= Imad al-Dawla Muhammad ibn Ali =

Ghaznavid commander

Imad al-Dawla Muhammad ibn Ali (عماد الدوله محمد بن علی), was a military officer from the Bu Halim Shaybani family, who served as the commander-in-chief in India under the Ghaznavids.

== Biography ==
Imad al-Dawla Muhammad belonged to the Bu Halim Shaybani family; he was the son of a certain Ali, and had a brother named Rabi ibn Ali. The last mentioned member of the Bu Halim before Imad al-Dawla Muhammad was Najm al-Din Zarir, who was the son of Bu Halim, the eponymous founder of the family. Imad al-Dawla Muhammad and his brother are first mentioned during the reign of Sultan Arslan-Shah, where Imad al-Dawla Muhammad is mentioned as the commander-in-chief (sipahsalar) of the Ghaznavid army in India, and his brother Rabi ibn Ali is also mentioned, but his office is unknown.

However, Arslan-Shah's reign turned out short; his mother, a Seljuq princess named Gawhar Khatun was treated badly, which resulted in her brother Ahmad Sanjar to invade Arslan-Shah's domains, where he managed to decisively defeat Arslan-Shah and make the latter's brother Bahram-Shah the new ruler of the Ghaznavid dynasty, while at the same time acknowledging Sejluq suzerainty. However, Arslan-Shah managed to survive the invasion, and fled to India, where he was supported by the Bu Halim brothers and other officers.

After Ahmad Sanjar left the Ghaznavid capital of Ghazni, Arslan-Shah returned to the capital, where he defeated Bahram-Shah, but Ahmad Sanjar shortly returned and defeated Arslan-Shah, who once again fled, but was captured by a Seljuq commander, and was executed. However, the two Bu Halim brothers kept opposing Bahram-Shah; Imad al-Din Muhammad, who was still in India, managed to withstand an attack by Bahram-Shah, but in the end was defeated and captured at Lahore in 1119 by the latter.

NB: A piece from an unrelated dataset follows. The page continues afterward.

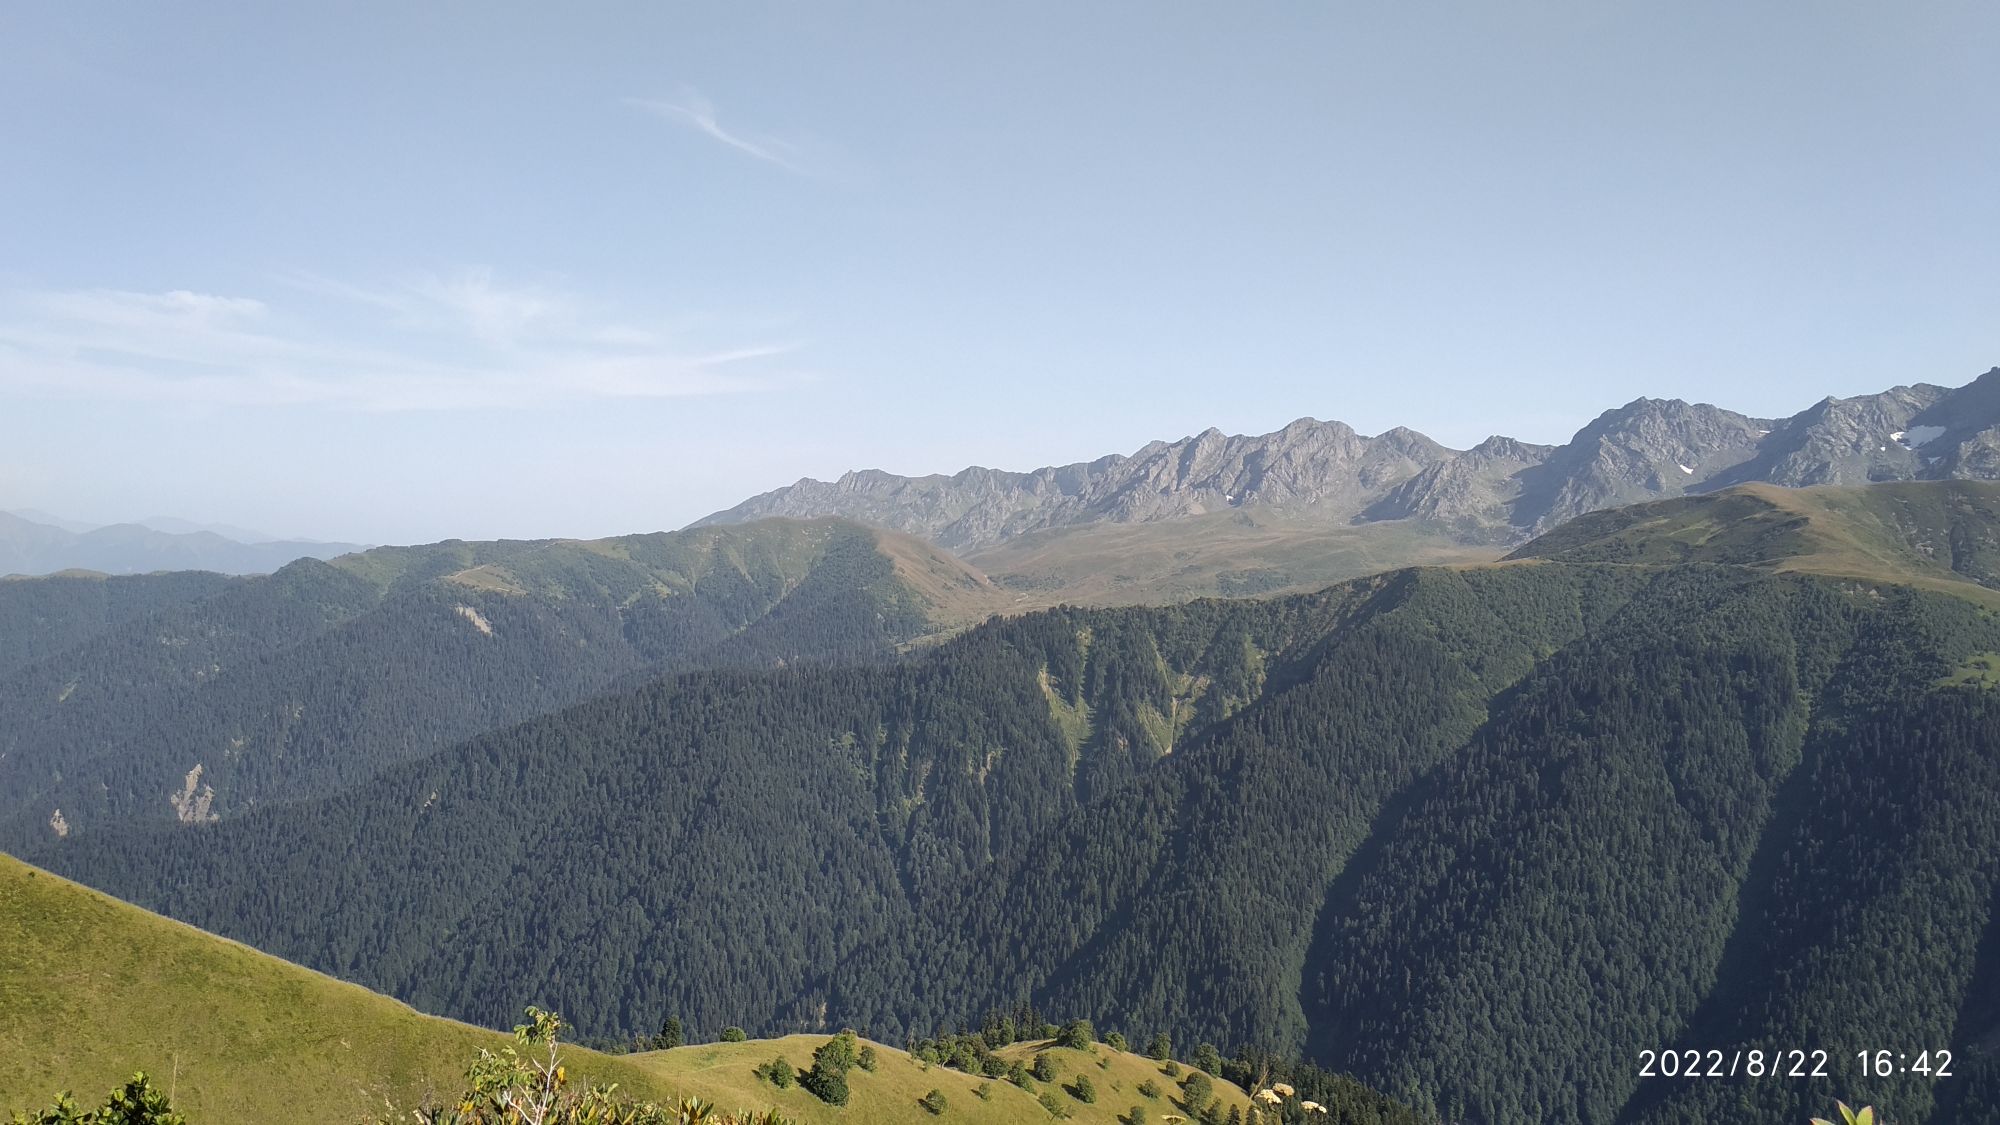 Egrisi range. Opposite range south of Devashi valley
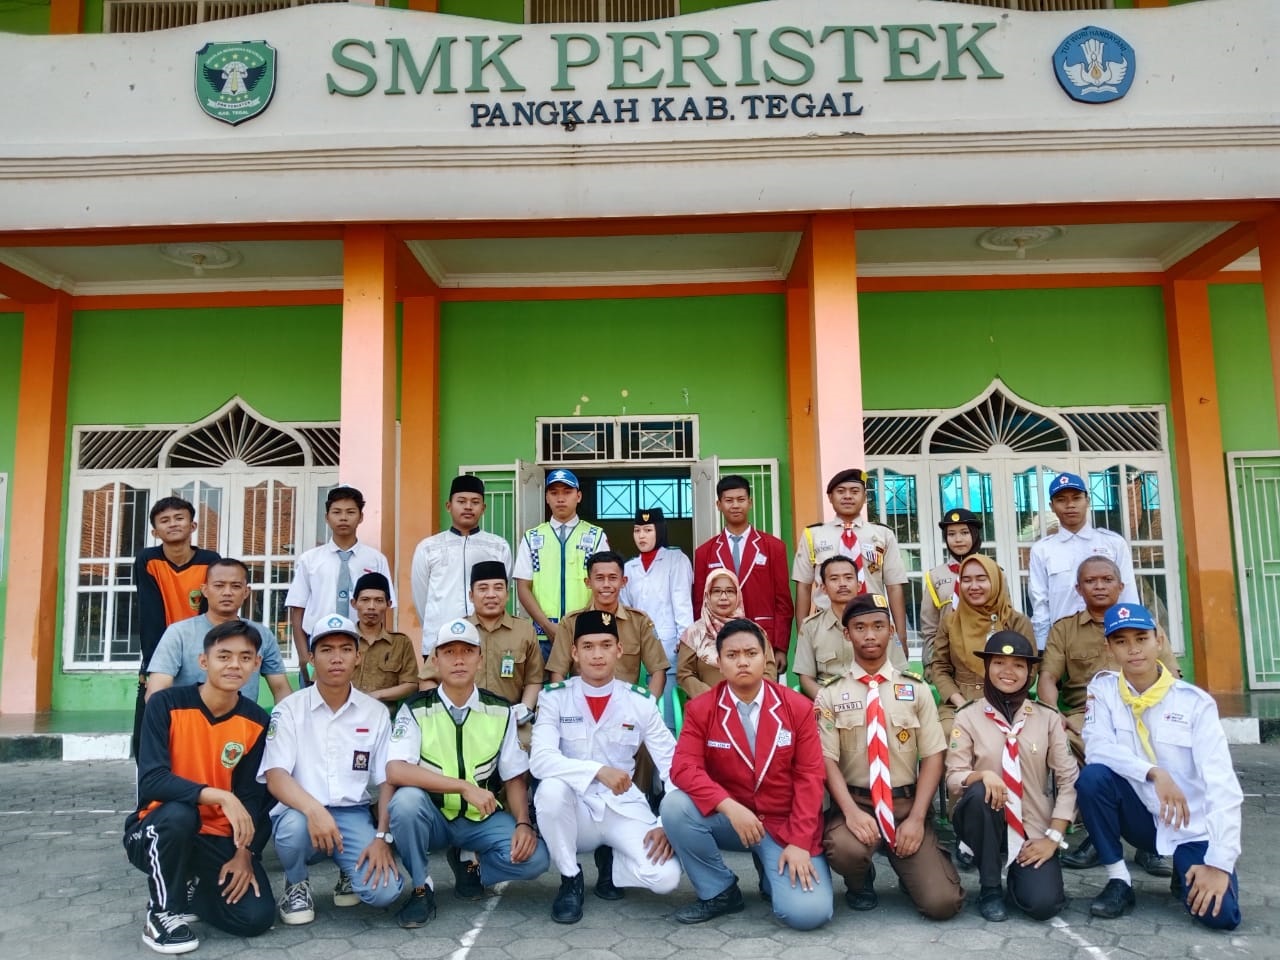 SMK Peristek Pangkah Kabupaten Tegal Sertijab Pengurus OSIS

However, because of Imad al-Din Muhammad's great service in India to the Ghaznavids, Bahram-Shah pardoned him and restored him as the commander-in-chief of the Ghaznavid army in India. However, Imad al-Din Muhammad, along with several of his sons such as Mu'tasim ibn Muhammad, shortly rebelled against Bahram-Shah, but he along with his sons were killed by an army sent by Bahram-Shah. After this event, mention of the Bu Halim family completely disappears.